Python: Compare elements in a list to each other

Question

I'm currently looking for a way to compare elements of a list to one another going from left to right.

Here is my list:

mylist = [[15], [14, 15], [19, 20], [13], [3], [65, 19], [19, 20, 31]]

I need to compare the first element to all others and check if any of the values match, same thing for the second and third element and so on until it reaches the end of the list. If there is a match, I need to print it out. I need to print out the value that has match and the index that it matched at.

For example.

index 0 matched with index 1 for value 15.
index 2 matched with index 5 for value 19
index 2 matched with index 6 for value 19
index 2 matched with index 6 for value 20
index 5 matched with index 6 for value 19.
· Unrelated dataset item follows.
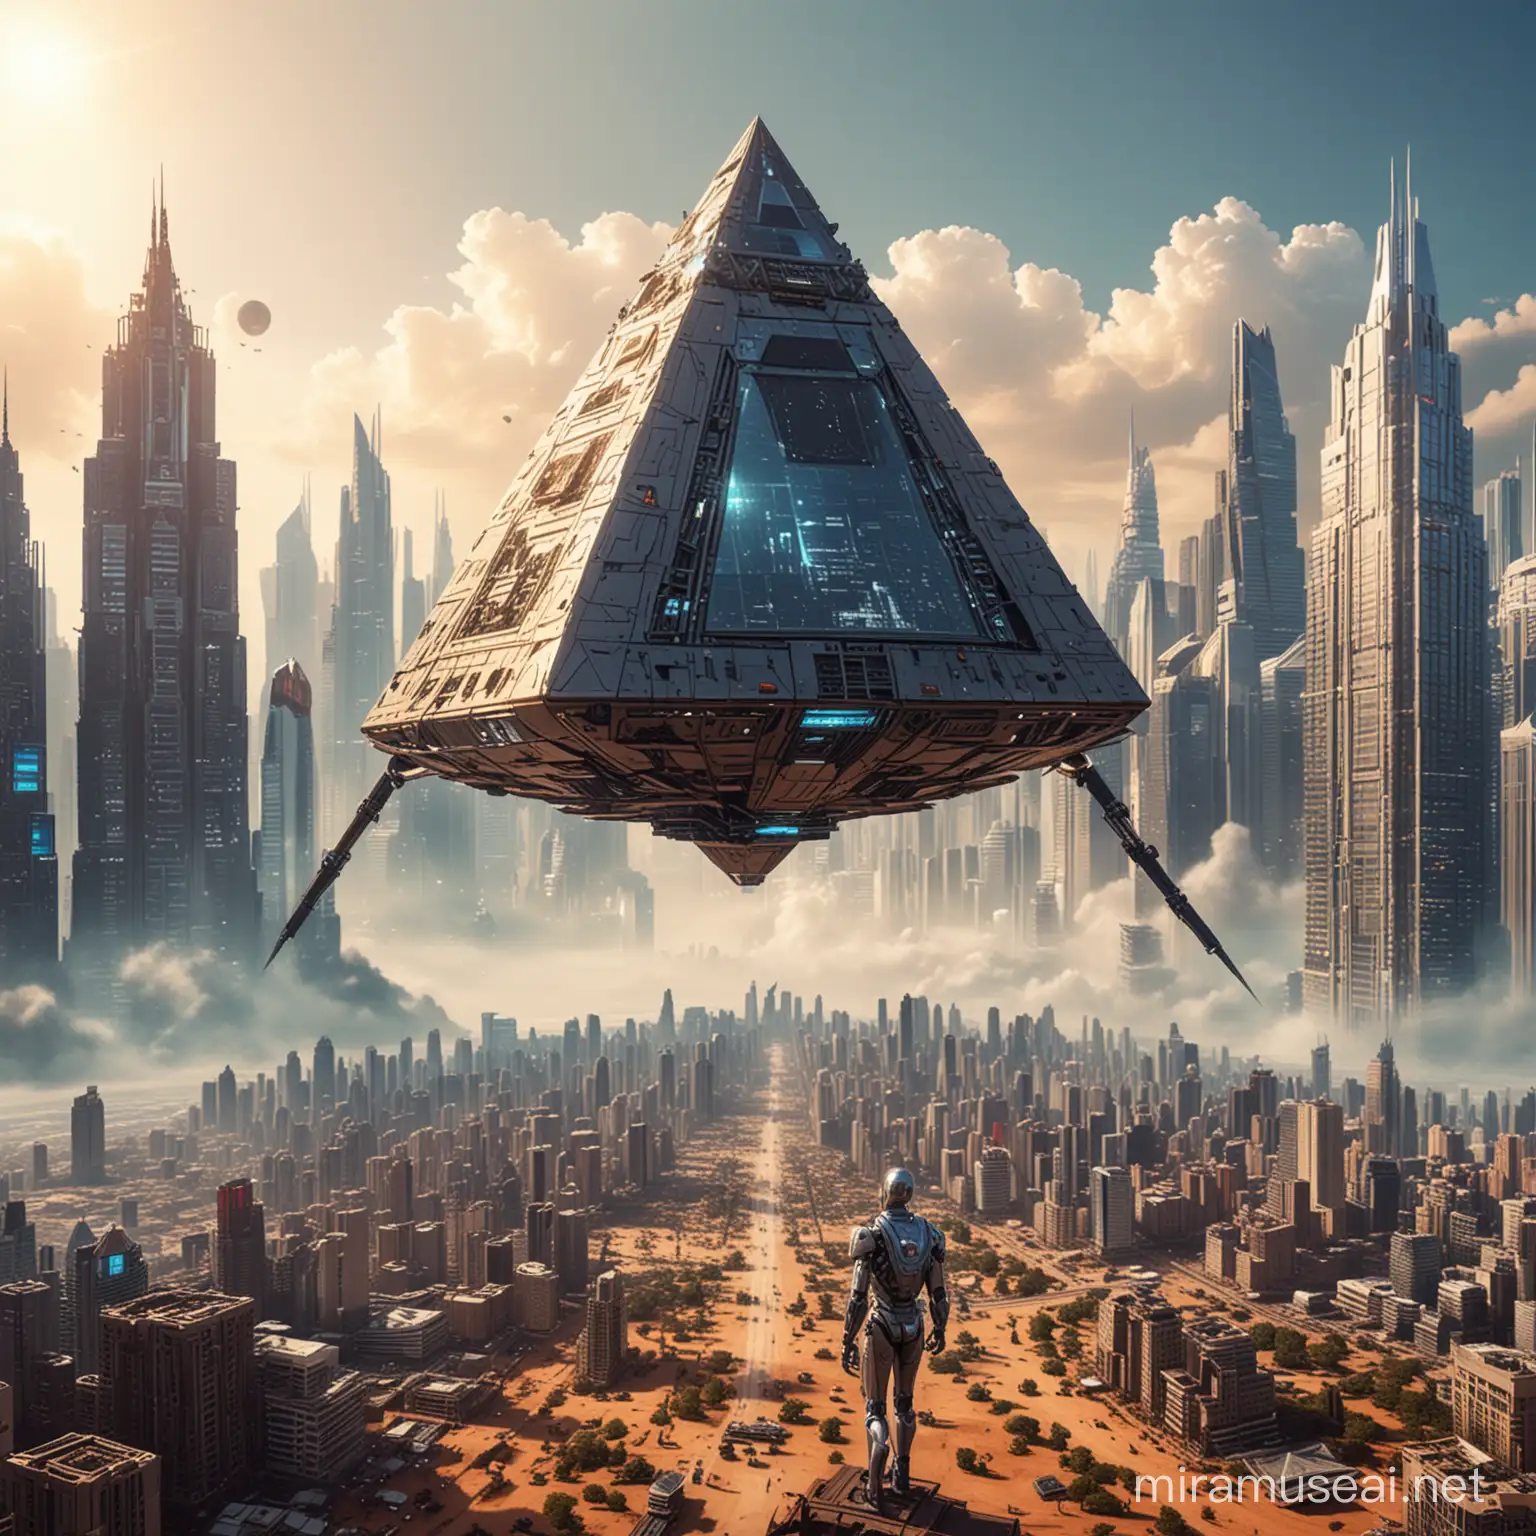 A close-up of a triangular pyramid, humanoid robots, super-advanced machines, a planet close to the sky, many skyscrapers.
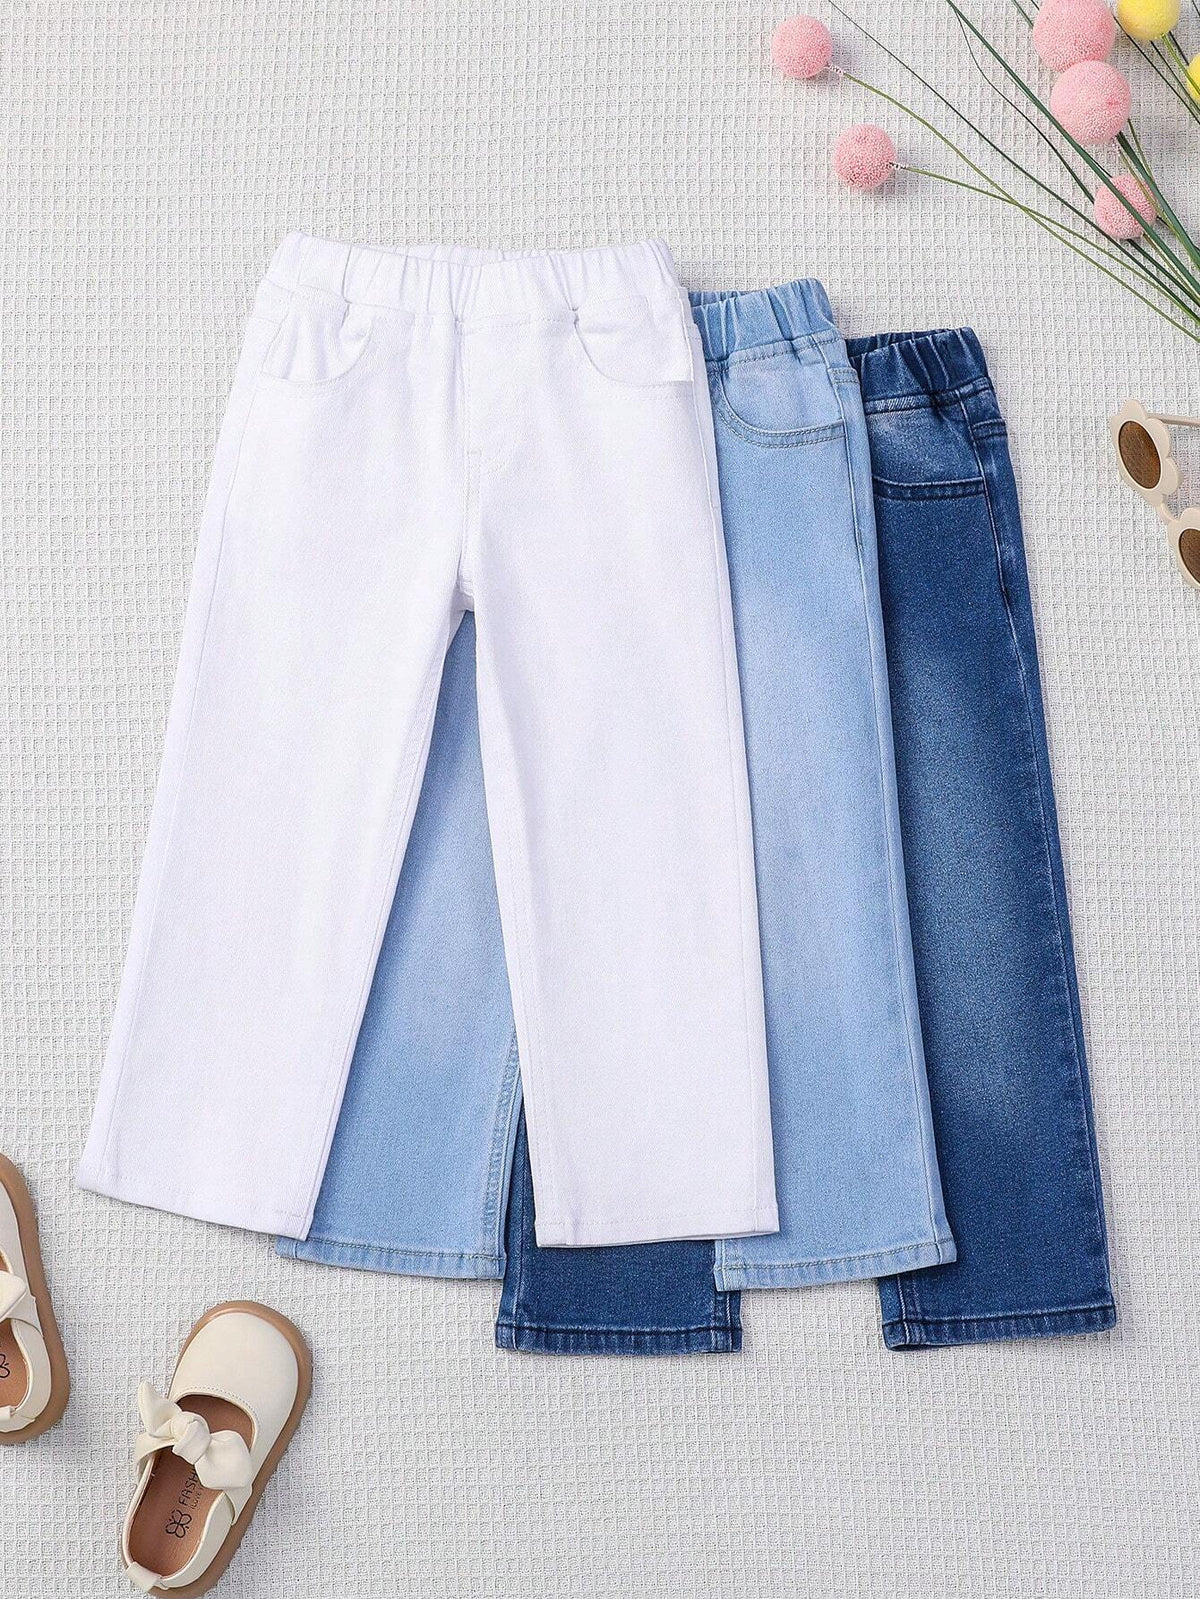 Young Girl Set Of 3 Elastic And Slim Fit Casual Jeans With Pockets

How can I go about doing this?

@kroolik, thanks for the quick reply. I was thinking maybe I should convert each element in the list to a set. And then compare each set to each other using intersect. If there is a matching value, then I'd print the match value(s) and the index at which it was matched at. What do you think of that approach? Am I far off? or close? Thanks for your help. — deadlock, Feb 22 '14 at 18:11
@kroolik, perhaps this might help me? http://stackoverflow.com/questions/16603282/how-to-compare-each-item-in-a-list-with-the-rest-only-once — deadlock, Feb 22 '14 at 18:13
You can try the @arshajii 's solution - very efficient, easy to implement, and pretty straightforward to understand. — Maciej Gol, Feb 22 '14 at 18:21
@kroolik I'm going to try that out, also take a look at zhangxaochen 's solution. Looks very clean! — deadlock, Feb 22 '14 at 18:27

arshajii · Answer 1 · 2014-02-22T18:36:33.950

The naive solution is to loop over every pair, which is slow. However, you can do something along the lines of this:

Create a dict that will map ints (elements in your nested list) to lists containing the indices of the lists in your master.
Loop over the master list, and for each sublist, add its index to the spot corresponding to each of its elements in the dict.
Now, the dict has values consisting of lists in which each two elements are a "pair".

This is what I mean:

>>> mylist = [[15], [14, 15], [19, 20], [13], [3], [65, 19], [19, 20, 31]]
>>> 
>>> pairs = dict()
>>> 
>>> 
>>> from collections import defaultdict
>>> 
>>> pairs = defaultdict(list)
>>> 
>>> for idx, sub in enumerate(mylist):
...     for a in sub:
...         pairs[a].append(idx)
... 
>>> pairs
defaultdict(<type 'list'>, {65: [5], 3: [4], 13: [3], 14: [1], 15: [0, 1], 19: [2, 5, 6], 20: [2, 6], 31: [6]})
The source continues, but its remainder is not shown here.